Range continues to hedge a significant portion of its estimated future production in order to lock in prices and returns which provide certainty of cash flow to execute our capital plans. During the second quarter, most Appalachian price indices weakened as additional supply growth temporarily outpaced regional demand and infrastructure to export natural gas out of the basin. Range offsets some of this regional weakness by hedging basis differentials, as reflected in the $0.02 gain per mcf on basis hedging in the second quarter, resulting in a corporate differential of $0.58 below NYMEX. Range has hedged Marcellus differentials for 370,000 Mmbtu per day through October 2014 and another 90,000 Mmbtu per day from November 2014 through March 2015 of its expected production which should provide a partial offset to the weaker than normal summer pricing in the third quarter. The fair value of the basis hedges based upon future strip prices as of June 30, 2014 was a gain of $12.7 million for the third quarter 2014, a gain of $9.8 million for the fourth quarter 2014 and a loss of $8.1 million for the first quarter 2015. The table below shows the components of the non-GAAP measure of "average natural gas realized prices" for the last five quarters for comparative purposes as it would be calculated by analysts. A similar analysis is shown on the Company's website for NGLs and condensate and crude oil.

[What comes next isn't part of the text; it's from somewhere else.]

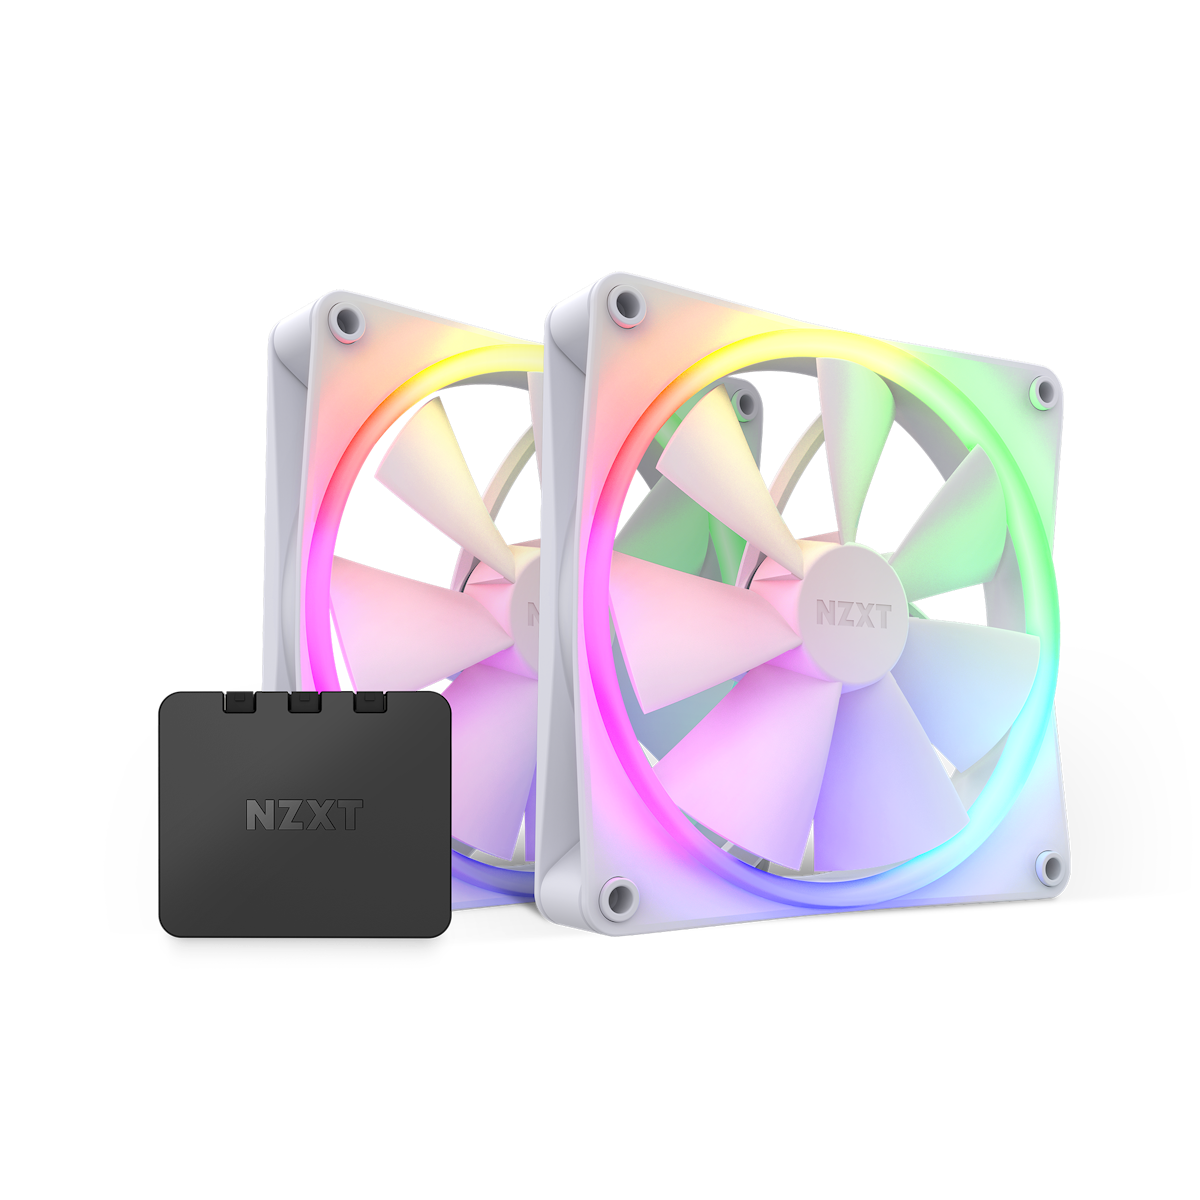 First Look: NZXT F140 RGB Duo Fans

Corporate Differential Disclosure 2Q 2013 3Q 2013 4Q 2013 1Q 2014 2Q 2014
NYMEX Index average price $4.09 $3.60 $3.62 $4.92 $4.67
Differential $0.04 ($0.17) ($0.22) $0.66 ($0.60)
Cash settled basis hedging $0.00 $0.00 ($0.01) ($0.90) $0.02
Differential including basis hedging $0.04 ($0.17) ($0.23) ($0.24) ($0.58)
Average price before NYMEX hedges $4.13 $3.43 $3.39 $4.68 $4.09
Cash settled NYMEX hedges $0.07 $0.45 $0.45 ($0.49) ($0.21)
Average price including all hedges $4.20 $3.88 $3.84 $4.19 $3.88

Basis Differentials:

Based upon the contracts that Range has in place for the periods disclosed and the future basis differential indications from quotations on ICE (the "Intercontinental Exchange") as of July 24, 2014, the calculated differential in each division would be the amounts shown in the table below. Basis at the various receipt points which we sell natural gas are inherently volatile, have wide spreads between the bid and ask indications and change on a daily basis. The table below represents the Company's calculated differentials at a point in time (July 24, 2014) not an expected future realized price. The percentages of expected production to be sold by indices are shown in the corporate presentation posted on the website and should be used along with the table below in modeling the expected differentials by division adjusted for the weighted average change in the indices from July 24, 2014 to the measurement date for each month. For comparative purposes, a table of historical basis settlements and actual differentials by division is included in Table 9 of the Supplemental Tables for second quarter 2014 on the Company's website.

Calculated Differentials by Quarter
3Q2014 4Q2014 1Q2015
Differential by Division
Based on NYMEX except as indicated
Marcellus
SW PA $ (0.34) $ (0.30) $ + 0.30
NE PA Leidy + 0.45 Leidy + 0.40 Leidy + 0.80
Nora (1) + 0.15 + 0.20 + 0.25
Midcontinent (2) (0.92) (0.97) (0.85)
Basis Hedging
MTM 7/24/14 $MM $ 12.282 $ 9.332 $ (8.144)
(1) Nora has historically reported its natural gas realizations net of gathering and transportation received from a third party. After the exchange, gathering and transportation will be reported separately as brokerage expense since Range is supplying gathering and transportation for third parties. Therefore, the realized price will reflect the actual sales of the natural gas without any netted amounts.
(2) Midcontinent processing, gathering and transportation costs are netted against the realized price received from a third party.

NYMEX Hedging Status

Range hedges portions of its expected future production volumes to increase the predictability of cash flow and to help maintain a strong, flexible financial position. Range currently has over 80% of its remaining 2014 natural gas production hedged at a weighted average floor price of $3.96 per Mmbtu and a weighted average ceiling price of $4.38 per Mmbtu. Similarly, Range has hedged more than 90% of its remaining 2014 projected crude oil production at a floor price of $92.82 per barrel and approximately 50% of its composite NGL production.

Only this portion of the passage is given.